Encounter with Benjamin Buchloh and Michelle Harewood

From Posada to Isotype, from Kollwitz to Catlett

Wednesday, 23 March 2022 - 6pm
Admission

Free, until full capacity is reached, with prior ticket collection on the Museo Reina Sofía website from 10am on the last working day before the activity. 

Place
Nouvel Building, Auditorium 200
Capacity
200  people
Organised by
Museo Reina Sofía
Collaboration
José Guadalupe Posada, The Oaxaca Skull, 1903. Library of Congress
José Guadalupe Posada, The Oaxaca Skull, 1903. Library of Congress

In this encounter, Benjamin H.D. Buchloh and Michelle Harewood present the key aspects of the exhibition From Posada to Isotype, from Kollwitz to Catlett, curated by both, in a survey on graphic art’s potential during historical avant-garde movements. The conversation touches on issues such as the development and exchange between different print media — woodcuts, wood engravings, linocut and lithography — which, during the first half of the twentieth century and at odds with its purportedly obsolete nature, served as a platform to vindicate and mobilise a broad number of international art movements.

Consequently, it sets out from the figures of José Guadalupe Posada (1852–1913) and Käthe Kollwitz (1867–1945), artists who started to develop their artistic practice in Mexico and Germany, respectively, between the end of the 19th century and the beginning of the 20th and used an ostensibly backward-looking technique as a medium of expression for social critique. This trend related to the resurgence of traditional graphic art would crystalise in different places, historical circumstances and art movements, for instance in German Expressionism from 1905 onwards with the work of artists such as Max Beckmann (1884–1950), Otto Dix (1891–1969) and George Grosz (1893–1959), or the Mexican Taller de Gráfica Popular which, founded by Raúl Anguiano (1923–2006), Luis Arenal (1909–1985), Leopoldo Méndez (1902–1969) and Pablo O’Higgins (1904–1983) in 1937, contributed to causes such as the nationalisation of mining and petrol resources and the fight for the land rights of indigenous peoples by means of a concerted production of posters, pamphlets and prints.
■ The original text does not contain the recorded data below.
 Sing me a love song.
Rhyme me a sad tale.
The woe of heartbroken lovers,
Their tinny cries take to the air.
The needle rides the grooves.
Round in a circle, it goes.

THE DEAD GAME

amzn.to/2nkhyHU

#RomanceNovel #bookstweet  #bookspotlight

Finally, as a dialectic and historical conclusion, the attention shifts to the Isotype (International System of Typographic Picture Education) project created in 1926 by Gerd Arntz (1900–1988), Otto Neurath (1882–1945) and Marie Reidemeister-Neurath (1898–1986) to develop a universal communication system via images, reflecting on their role — and, by extension, on their pictorial quality — within a new and emerging information society.

Participants

Benjamin H.D. Buchloh is an art historian who has served as an Andrew W. Mellon Professor of Modern and Contemporary Art in the Department of History of Art and Architecture at Harvard University. His published essay volumes include Neo-Avantgarde and Culture Industry (MITpress, 2000) and Art Since 1900. Modernism, Antimodernism, Postmodernism (Thames and Hudson, 2005, co-edited with Yve Alain Bois, Hal Foster and Rosalind Krauss), and his work has keenly recovered the critical legacy and structural challenge of artists such as Michael Asher, Marcel Broodthaers, James Coleman and Dan Graham. He curated the retrospective on Gerard Richter at the Metropolitan Museum, in New York (2020), and received the Golden Lion Award for his work in Contemporary Art History and Art Criticism at the Venice Biennale in 2007. In 2015 he was a guest lecturer at the Museo Reina Sofía’s series of master lectures.
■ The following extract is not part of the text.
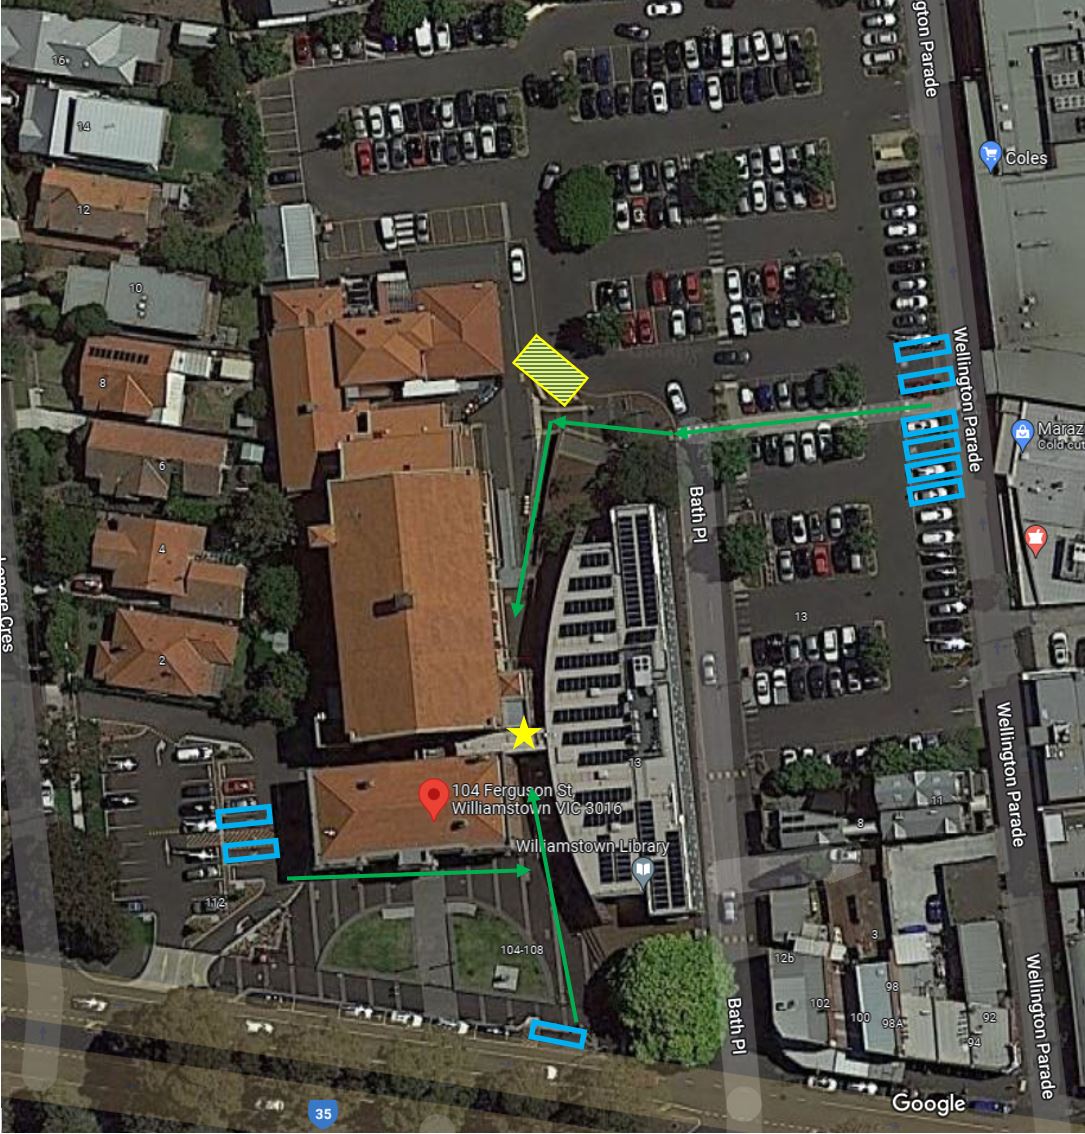 Wide aerial photograph of Williamstown Town Hall depicting accessible car parking spaces in blue, green arrows for accessible pathway in green arrows, yellow and blue cross hatch for drop off point and a yellow star for the accessible entrance

Michelle Harewood is an art historian who has worked as an assistant curator in institutions such as MoMA’s Painting and Sculpture Department and at Guggenheim, New York. Her line of research focuses on twentieth-century photography and Latin American art and she has been involved in events that include the James Rosenquist retrospective (Guggenheim Museum, New York, 2004). Moreover, she has conducted research and written the script for From Marseille to Martinique: A Surreal Odyssey, a documentary on artist Wifredo Lam (1902–1982) and The Hundred Days, an adaptation of Joseph Roth’s novel.